Chloé, MacCurtis de son nom de jeune fille, s'est mal mariée contre l'avis de Viviane, sa tante, qui l'a élevée après le décès de ses parents — notamment de son père, auteur d'un seul livre devenu culte. Son mari Jeffrey est le responsable d'une société, Ratio-stat, qui collationne toutes les informations possibles et les classe, les organise. Elle la définit ainsi : « une société de rationalisation informatique, une sorte de gare de triage des savoirs. ». Chloé est archiviste bibliographe et scanne des livres. Un jour, elle découvre un palimpseste dans la cave de la maison dont elle a hérité. Pour pouvoir le lire, elle le scanne sous plusieurs angles. Son mari, avec qui elle entretient des rapports conflictuels, s'intéresse beaucoup à sa découverte. Excédée, elle lui tire dessus. Le croyant mort, elle s'enfuit en emportant beaucoup d'argent et se réfugie dans l'île de Heldenskon où son père est né et qu'il lui a fait promettre d'éviter. On lui vole son palimpseste mais, heureusement, le livre est sur une clé USB et elle commence à le lire. Il y est question d'un ouvrier de Gutenberg qui fuit les massacres de Mayence en 1462, sauve des encres et se remarie. Parce que l'idée lui semble bonne, il donne sa fille en épouse au seigneur de Heldenskon. Cette fille a une fille qu'elle voue à l'enfermement et aux livres. Depuis ce temps, on trouve des noyées la langue tranchée ou la bouche cousue dans les parages maritimes de l'île. On vole à Chloé sa clé USB, en laissant un cadavre de femme sans langue. Elle part enquêter dans le sud de l'île, là où son père a vécu.

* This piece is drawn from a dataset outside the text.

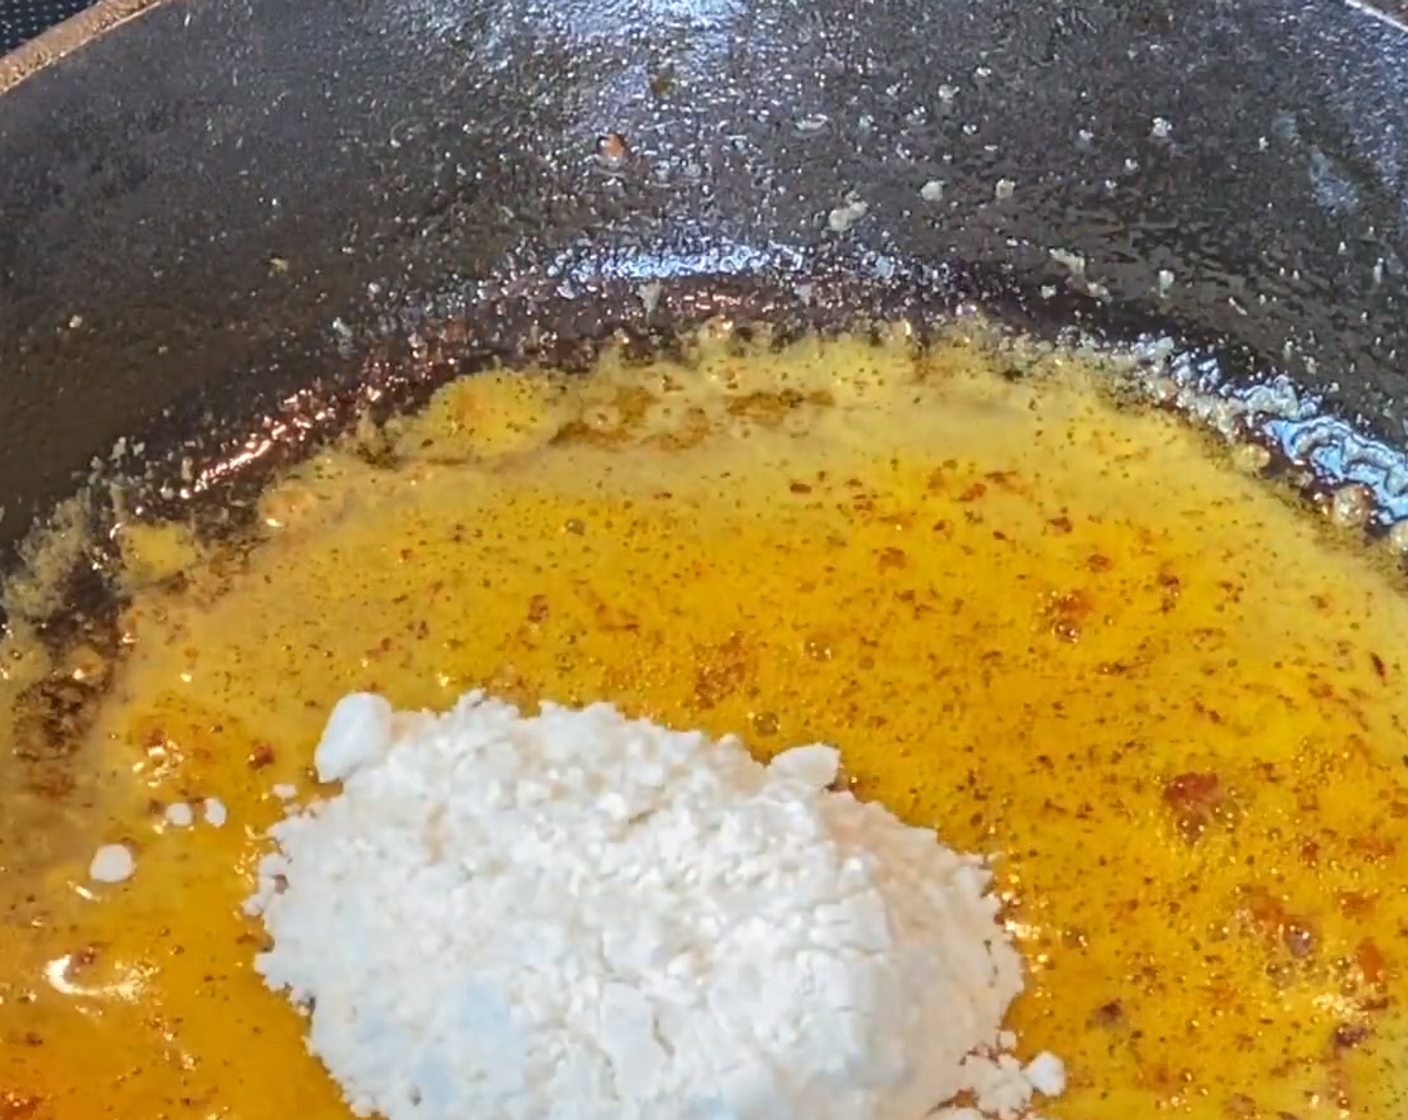 step 4 In the same skillet, melt the Unsalted Butter (1 Tbsp) over medium heat. Whisk in the All-Purpose Flour (1 Tbsp) and cook for 1 minute.

Conservation et usage du savoir livresque par des sortes de prêtresses et de servantes (des “vestales”) vouées aux livres, une société souterraine, “ruche de tous les savoirs” — vous trouverez page 174 (aux Presses de la Cité) une présentation de son organigramme, dont le pendant moderne serait Ratio-stat et dont le but serait le pouvoir…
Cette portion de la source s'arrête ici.